Let's examine this a bit more closely. You might be surprised at how easy it is to make a mistake in counting objects when writing a program. The most common error of this type is thinking you have one more or one less than the actual number of objects. In fact, this error is common enough to have a couple of widely known nicknames: off by one error and fencepost error. The former name should be fairly evident, but the latter name may require some explanation. First, let's try it as a "word problem". If you have to put up a fence 100 feet long and each section of the fence is 10 feet long, how many sections of fence do you need? Obviously, the answer is 10. Now, how many fenceposts do you need? 11. The confusion caused by counting fenceposts when you should be counting segments of the fence (or vice versa) is the cause of a fencepost error.

That's fine as a general rule, but what about the specific example of counting records in our file? Well, let's start out by supposing that we have an empty file, so the sequence of events in the first loop in the current main program (Figure 6.11 on page 345) is as follows:

1. Set i to 0.

2. Is i less than 100? If not, exit. If so, continue.

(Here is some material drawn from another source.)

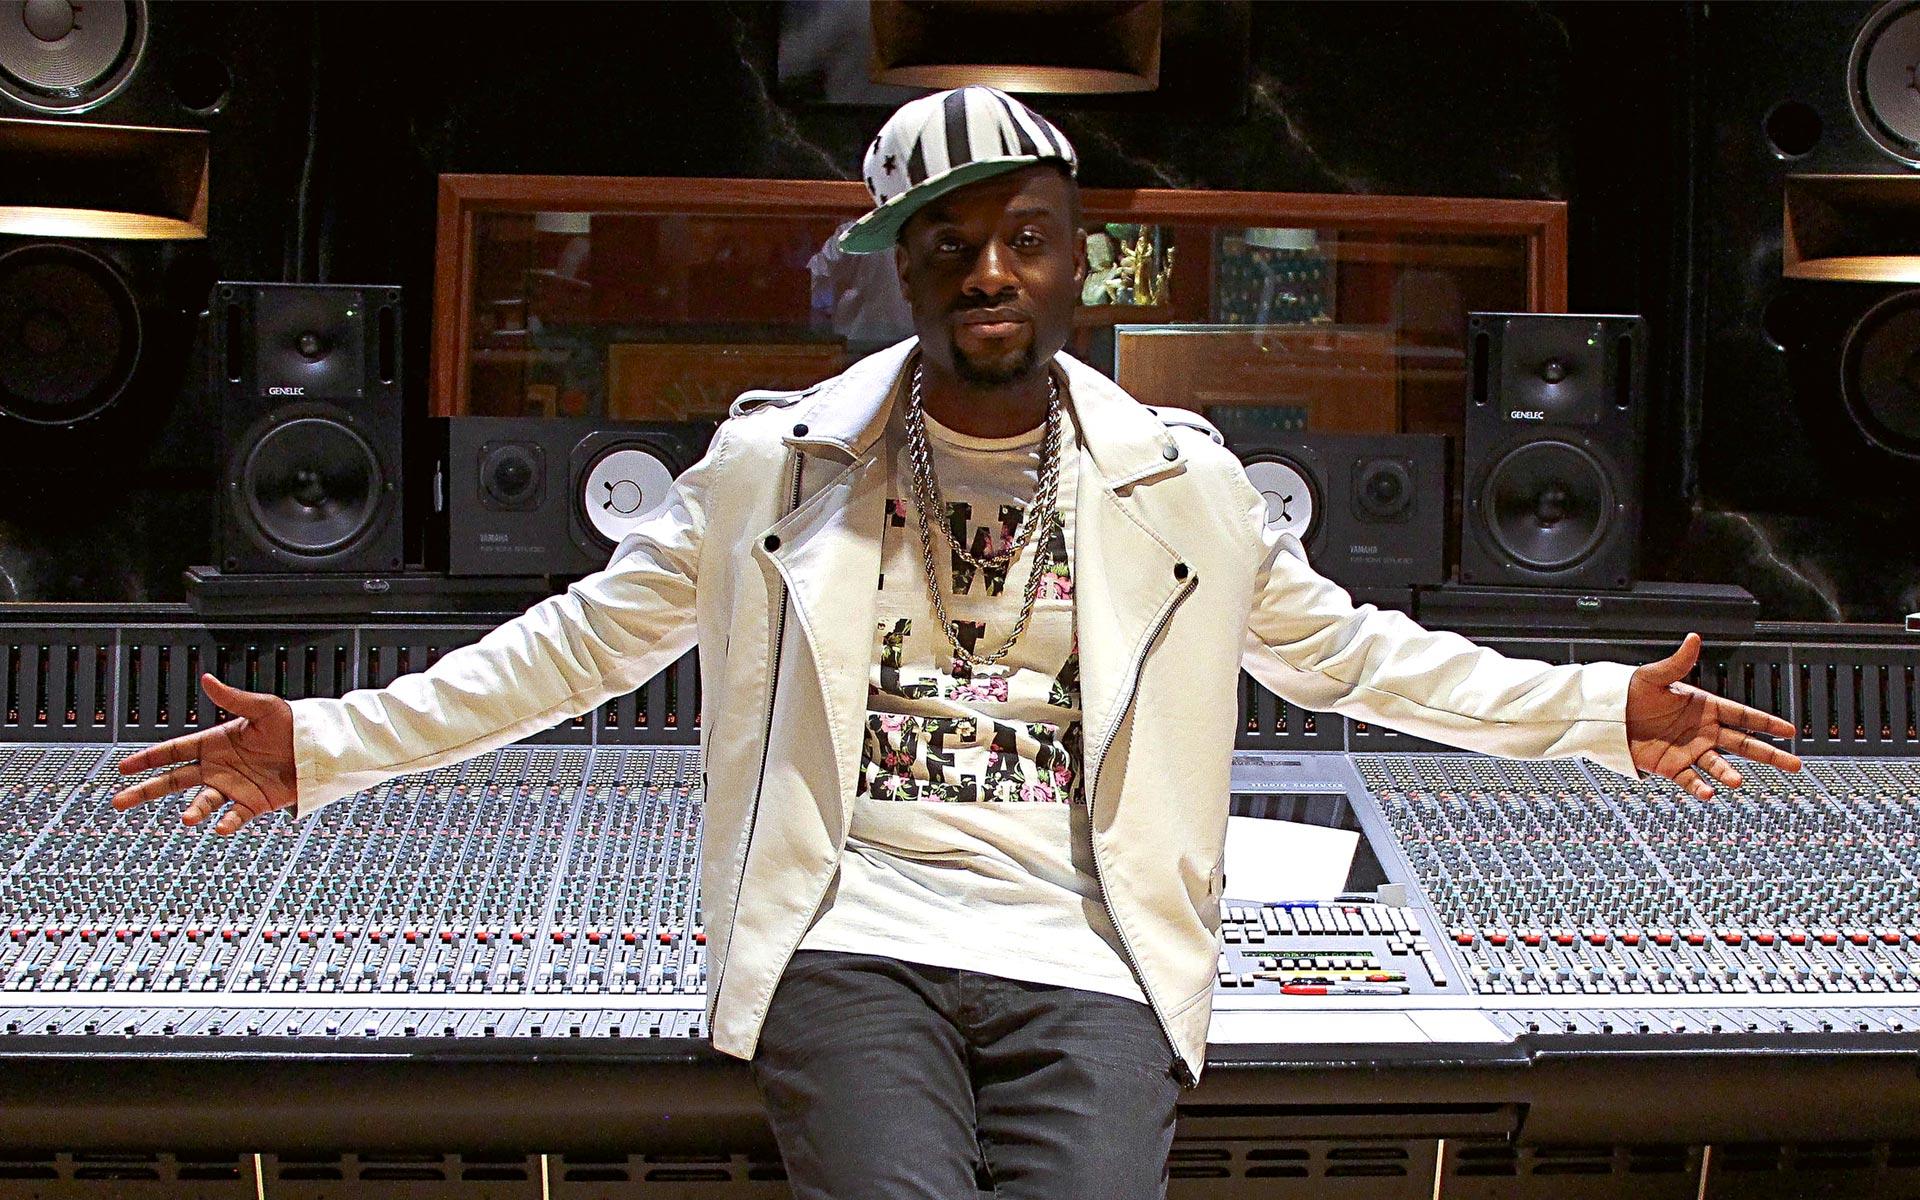 Shalom 'J.Storm' Miller on Beyoncé, Missy Elliott, Bad Boy Records, BMI, and Artist Management

3. Use the Read function to try to read a record into the ith element of the AllItems Vec.

4. Call ShopInfo.fail() to find out whether we've tried to read past the end of the file.

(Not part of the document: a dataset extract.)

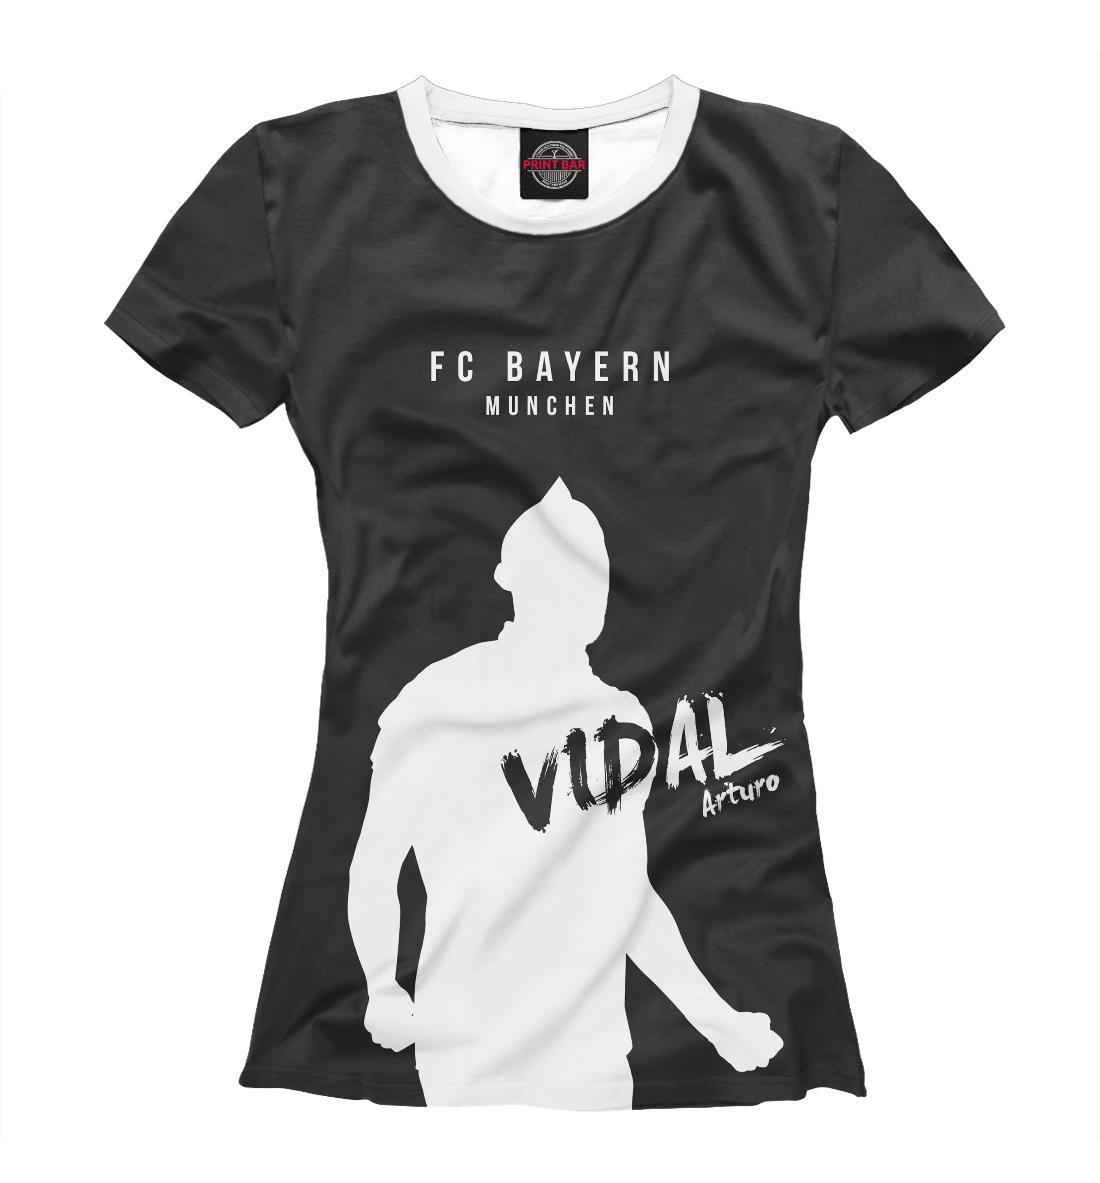 Купить Vidal, Printbar, Футболки, BAY-602526-fut-1

5. If so, execute the break statement to exit the loop.

The answer to the question in step 4 is that in fact nothing was read, so we do execute the break and leave the loop. The value of i is clearly 0 here, because we never went back to the top of the loop; since we haven't read any records, setting InventoryCount to i works in this case.

Now let's try the same thing, but this time assuming that there is one record in the file. Here's the sequence of events:

1. Set i to 0.

2. Is i less than 100? If not, exit. If so, continue.

3. Use the Read function to try to read a record into the ith element of the AllItems Vec.

4. Call ShopInfo.fail() to find out whether we've tried to read past the end of the file.

5. If so, execute the break statement to exit the loop. In this case, we haven't run off the end of the file, so we go back to the top of the loop, and continue as follows:

6. Increment i to 1.

7. Is i less than 100? If not, exit. If so, continue.

8. Call Read to try to read a record into the AllItems Vec.

9. Call ShopInfo.fail() to find out whether we've tried to read past the end of the file.

10. If so, execute the break statement to exit the loop.

The second time through, we execute the break. Since i is 1, and the number of elements read was also 1, it's correct to set the count of elements to i.

It should be pretty clear that this same logic applies to all the possible numbers of elements up to 99. But what if we have 100 elements in the file? Relax, I'm not going to go through these steps 100 times, but I think we should start out from the situation that would exist after reading 99 elements and see if we get the right answer in this case, too. After the 99th element has been read, i will be 99; we know this from our previous analysis that indicates that whenever we start executing the statements in the controlled block of the loop, i is always equal to the number of elements previously read. So here's the 100th iteration of the loop:

1. Call Read to try to read a record into the AllItems array.

2. Call ShopInfo.fail() to find out whether we've tried to read past the end of the file.

3. If so, execute the break statement to exit the loop.

4. Otherwise, increment i to 100.

5. Is i less than 100? If not, exit. If so, continue.

6. Since i is not less than 100, we exit.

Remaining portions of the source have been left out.